Endotoxic Septic Shock: Diagnosis and Treatment

Abstract

Endotoxin, also referred to as lipopolysaccharide (LPS), is a potent stimulator of the inflammatory cascade which may progress to sepsis and septic shock. The term endotoxic septic shock has been used for patients who have a clinical phenotype that is characterized by high endotoxin activity in addition to a high burden of organ failure; especially a pattern of organ failure including hepatic dysfunction, acute kidney injury, and various forms of endothelial dysfunction. Endotoxic septic shock has been a target for drug therapy for decades with no success. A likely barrier to their success was the inability to quantify endotoxin in the bloodstream. The Endotoxin Activity Assay (EAA) is positioned to change this landscape. In addition, medical devices using adsorptive technology in an extra-corporeal circulation has been shown to remove large quantities of endotoxin from the bloodstream. Focusing on the use of EAA to determine high concentrations of endotoxin will allow patients with endotoxic septic shock to be identified quickly and these patients may benefit most from removal of endotoxin using extracorporeal methods.

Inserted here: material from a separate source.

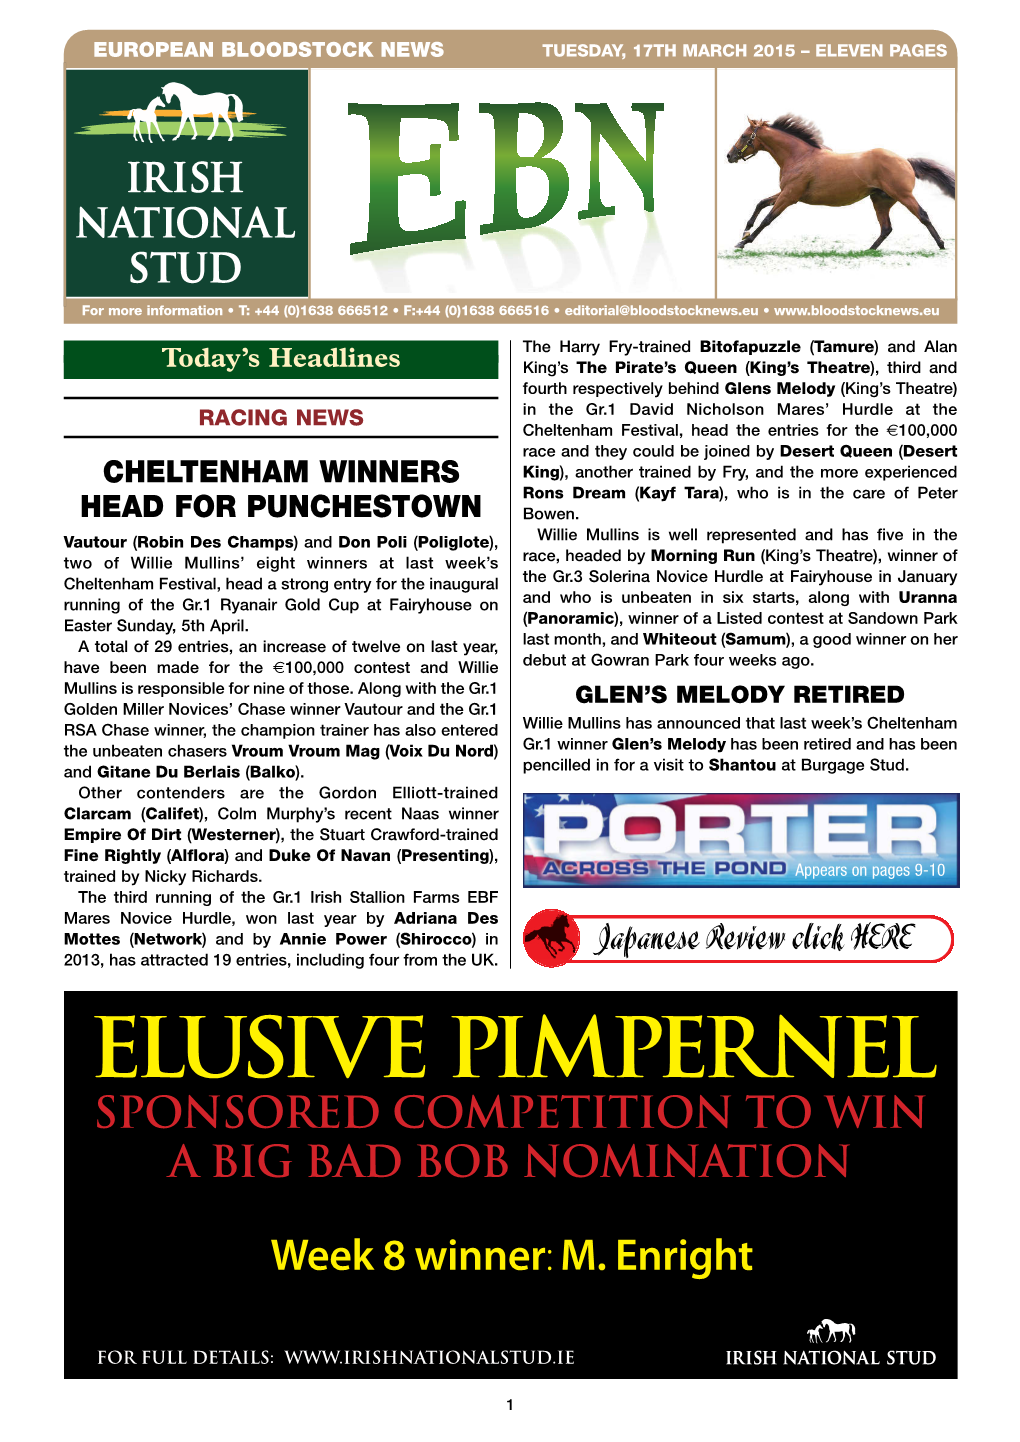 Elusive Pimpernel Sponsored Competition to Win a Big Bad Bob Nomination

Keywords: diagnosis of endotoxemia; endotoxic septic shock; endotoxin; sepsis.

Figure 1

The EAA is a homogenous assay where the antigen-antibody immune complex reacts with the zymosan primed polymorphonuclear leukocyte to produce oxyradicals, that in the presence of a luminol, produce a photon of light. Reproduced from Romaschin et al. [9] Crit. Care 2012, 16, 248.

Figure 2

Whole blood from the patient is pipetted into 3 tubes and run in duplicate. Tube 1 is a “blank” and provides information on the baseline activation state of the patients polymorphonuclear leukocytes (PMN). In the example above, the Tube 1 (red line) has a very low reactivity. Tube 3 is a 1-point calibrator and contains an excess of Anti-LPS antibody. The graph above indicates the maximum reactivity for that patients PMNs. Tube 2 is the sample tube with a fixed concentration of anti-LPS antibody. In the graph above, the sample contains a large amount of LPS such that the Tube 2 reactivity is close to the maximum. This sample indicated a high level of endotoxin activity. The unitless results are expressed as from 0 to 1.0 based on the formula T2 − T1/T3 − T1.

Figure 3

This representative dose response curve is logarithmic with a y-asymptote. Low EAA results (<0.04) are approximately equivalent to an LPS concentration of <50 pg/mL. Intermediate levels (0.4–0.6) are approximately equivalent to an LPS concentration of <2000 pg/mL. A high EAA level (0.6–0.9), is approximately equivalent to 2000–4000 pg/mL. For EAA results that are >0.9, it is beyond the limits of the assay to accurately determine a LPS concentration equivalent; however, it may be substantially higher than 4000 pg/mL. Adapted from Romaschin, A.D. et al. [31] Blood Purif. 2017, 44, 193–197.

Figure 4

Provides a vertical timeline for clinical milestones associated with use of the PMX cartridge. It was approved for clinical use in Japan in 1994 under the trade name Toraymyxin. The device achieved CE marking in 1998 then underwent a series of clinical studies in Europe that were published in 2005 [41], 2009 [42] and 2015 [43] with a meta-analysis published in 2007 [40]. The PMX cartridge underwent a North American study, EUPHRATES, published in 2016 [16] and is currently undergoing a randomized clinical study, Tigris, in the US that began in 2019.